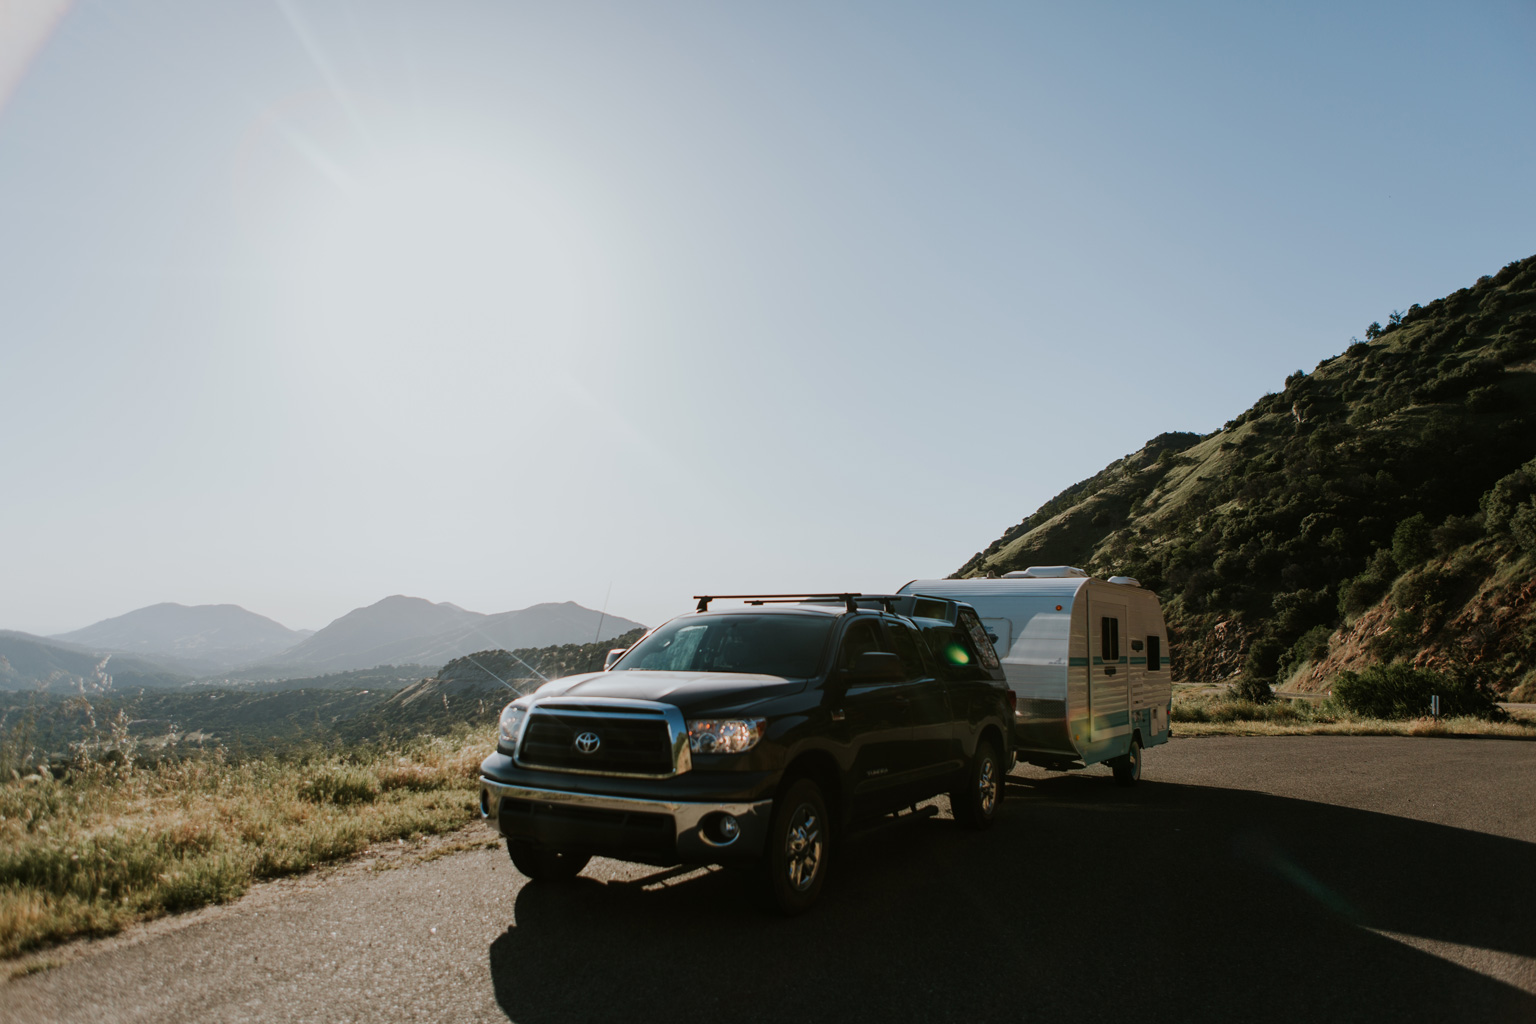 CindyGiovagnoli_Sequoia_KingsCanyon_National_Park_California_roadtrip_travel-004.jpg
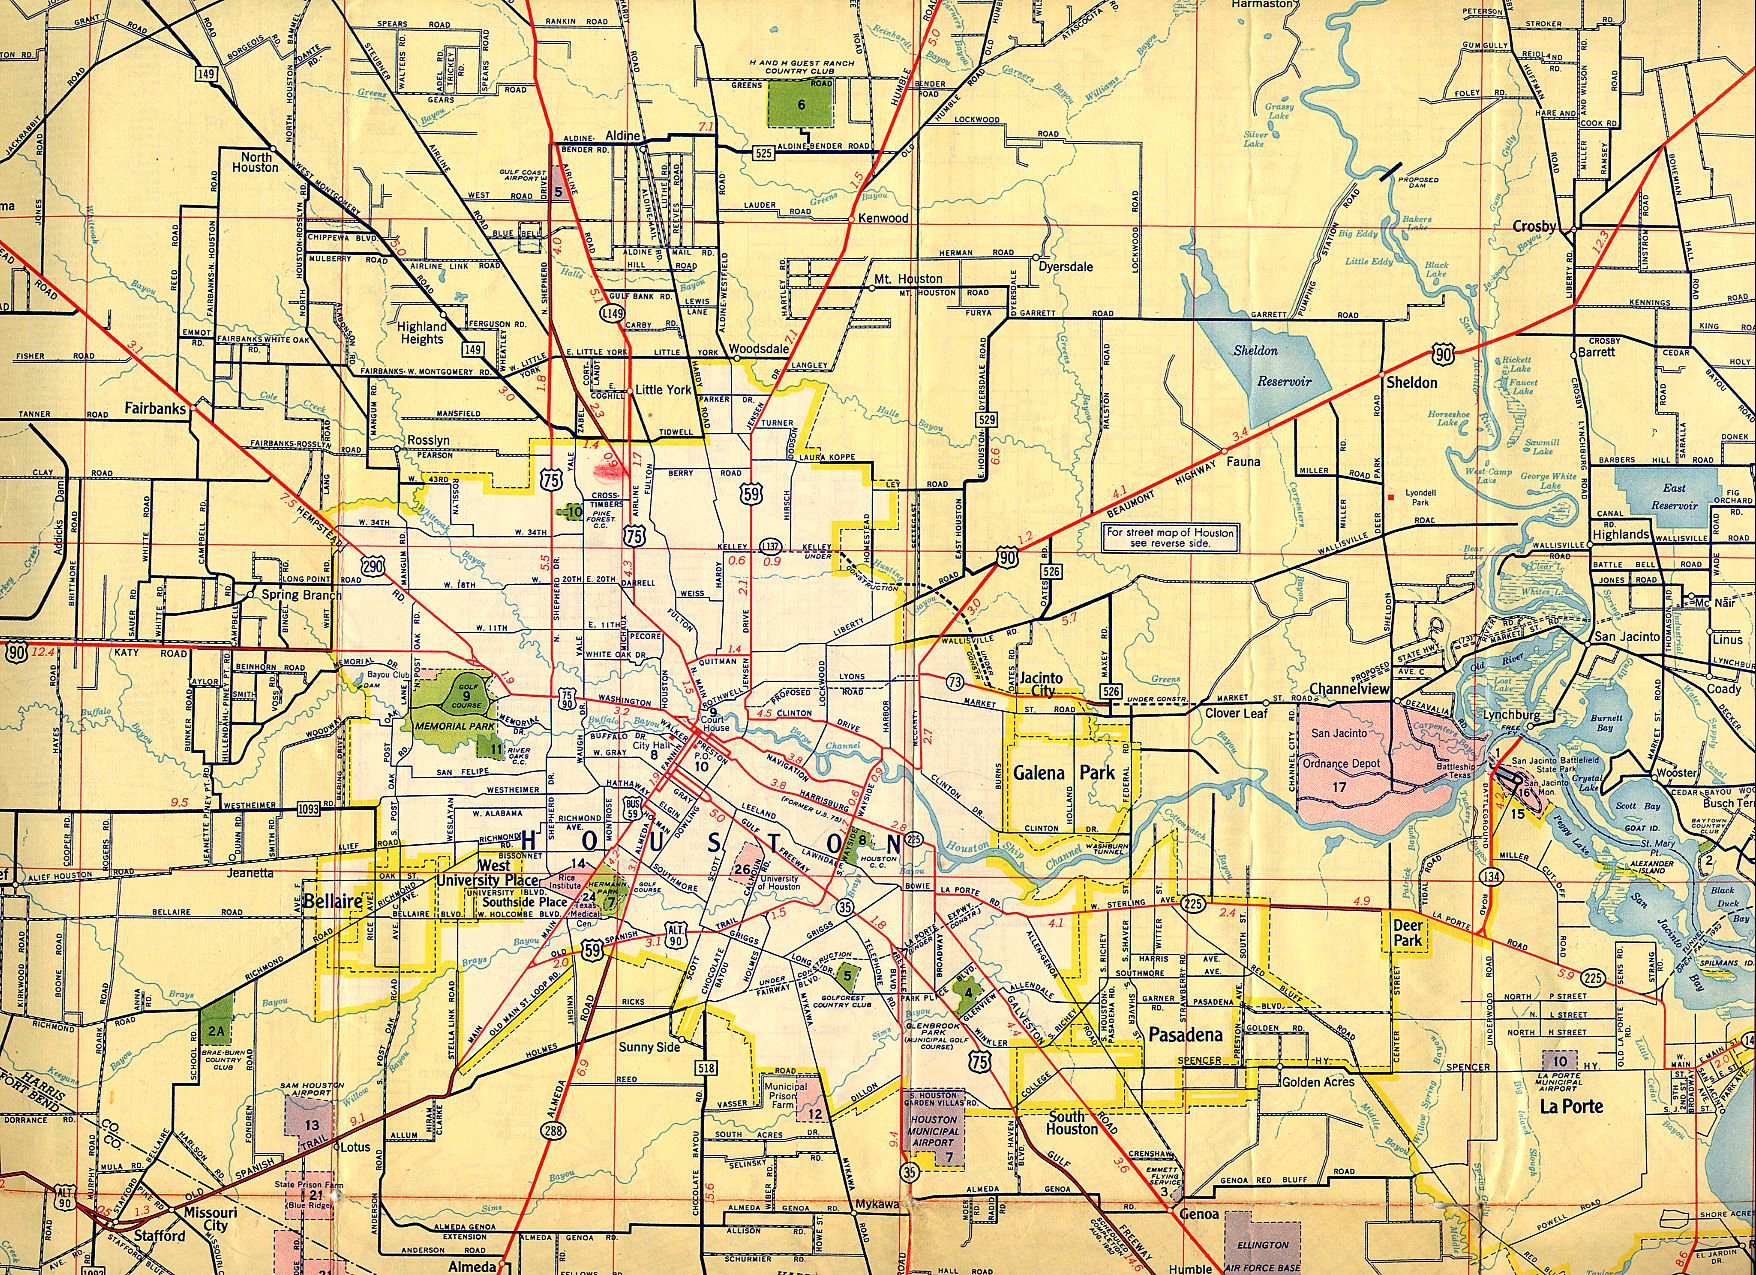 Карта Хьюстона США Подробная карта Хьюстона на русском
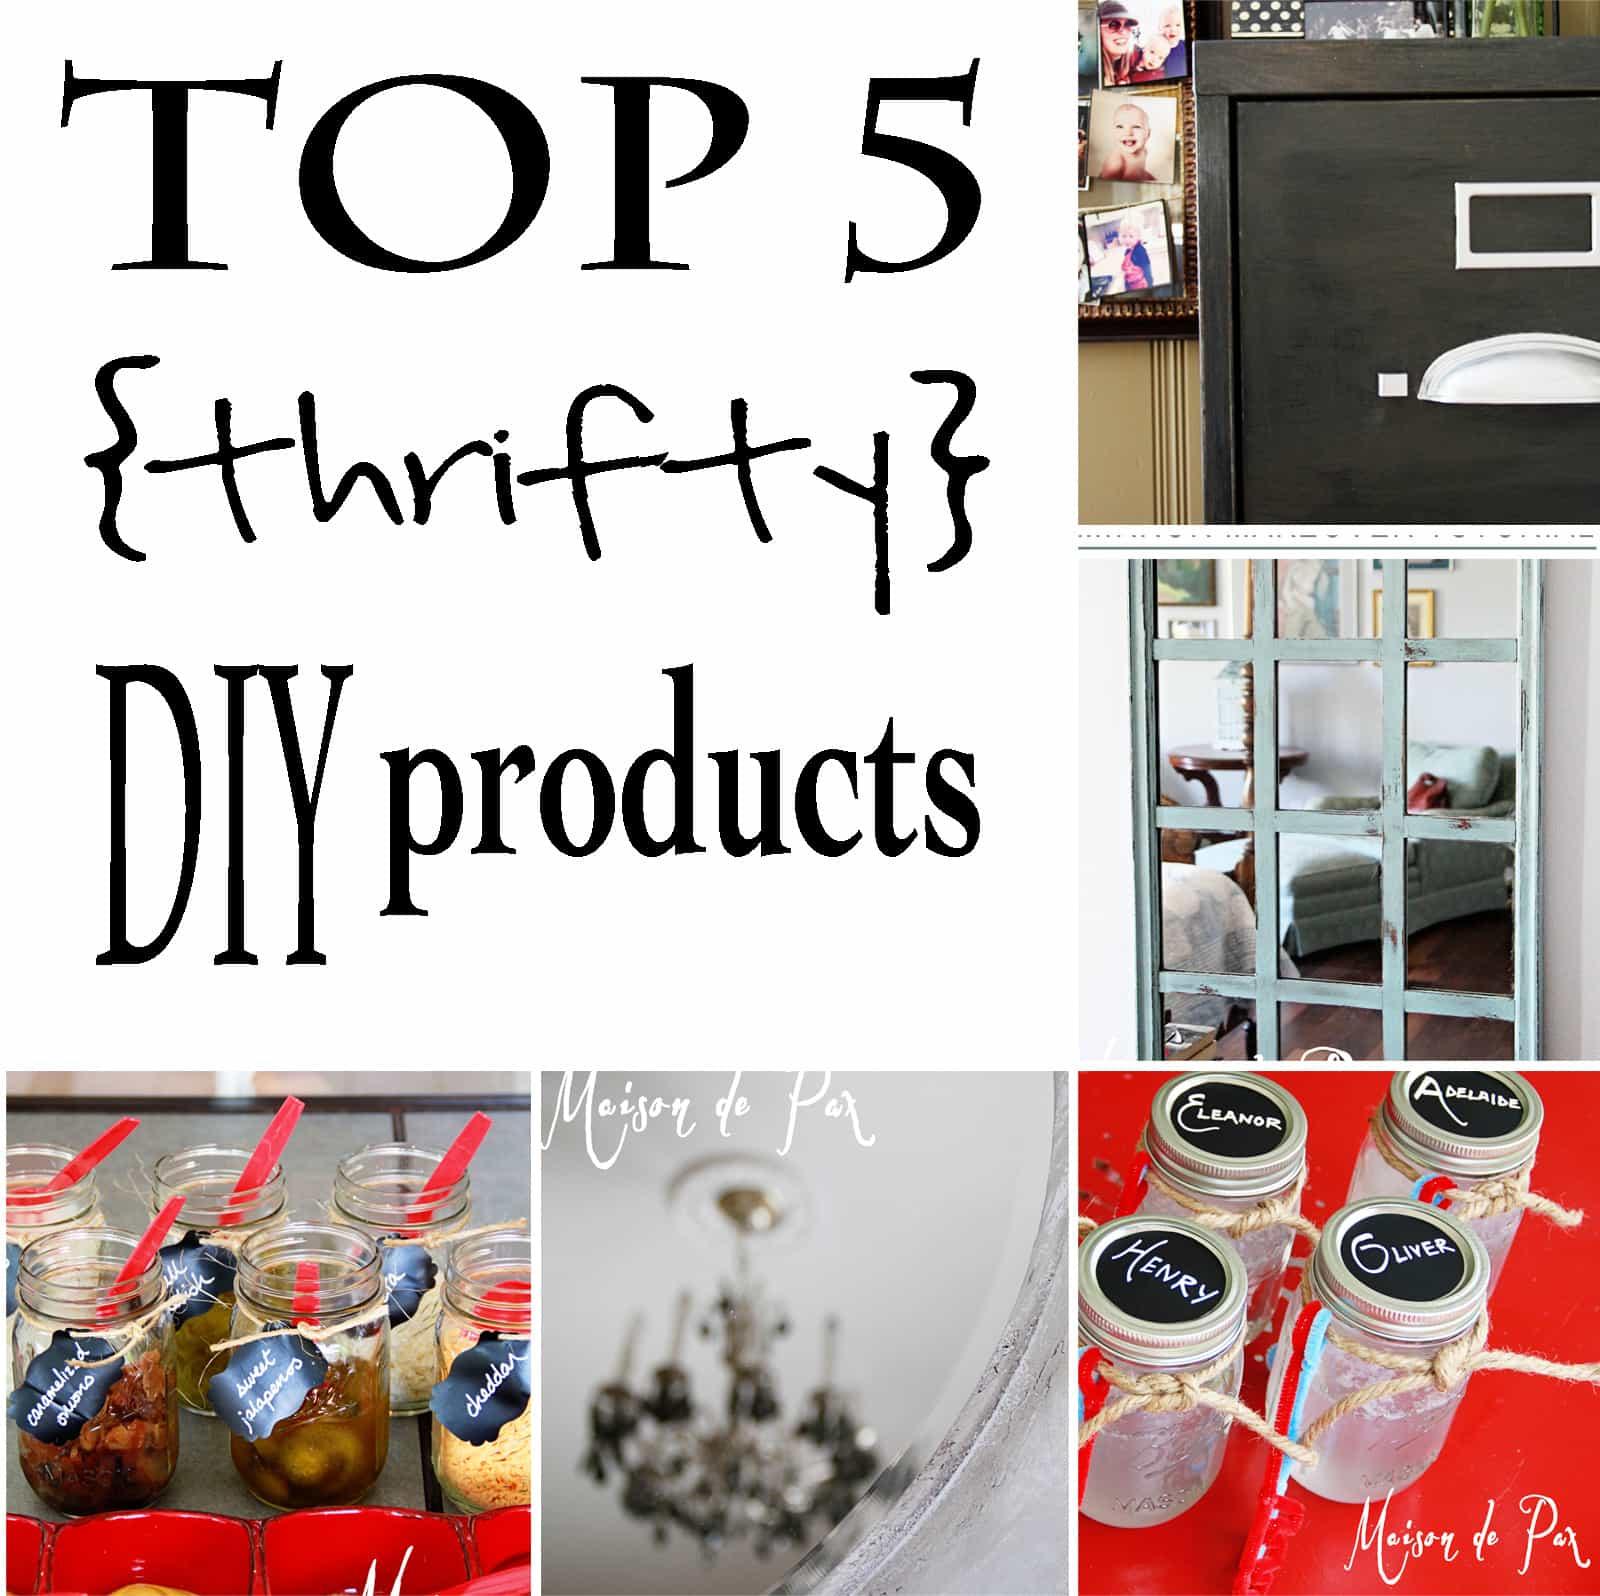 top 5 diy products

= = =

Output each line exactly as shown above; no pictures go in the copy.

 CindyGiovagnoli_Sequoia_KingsCanyon_National_Park_California_roadtrip_travel-004.jpg
 Карта Хьюстона США Подробная карта Хьюстона на русском
 top 5 diy products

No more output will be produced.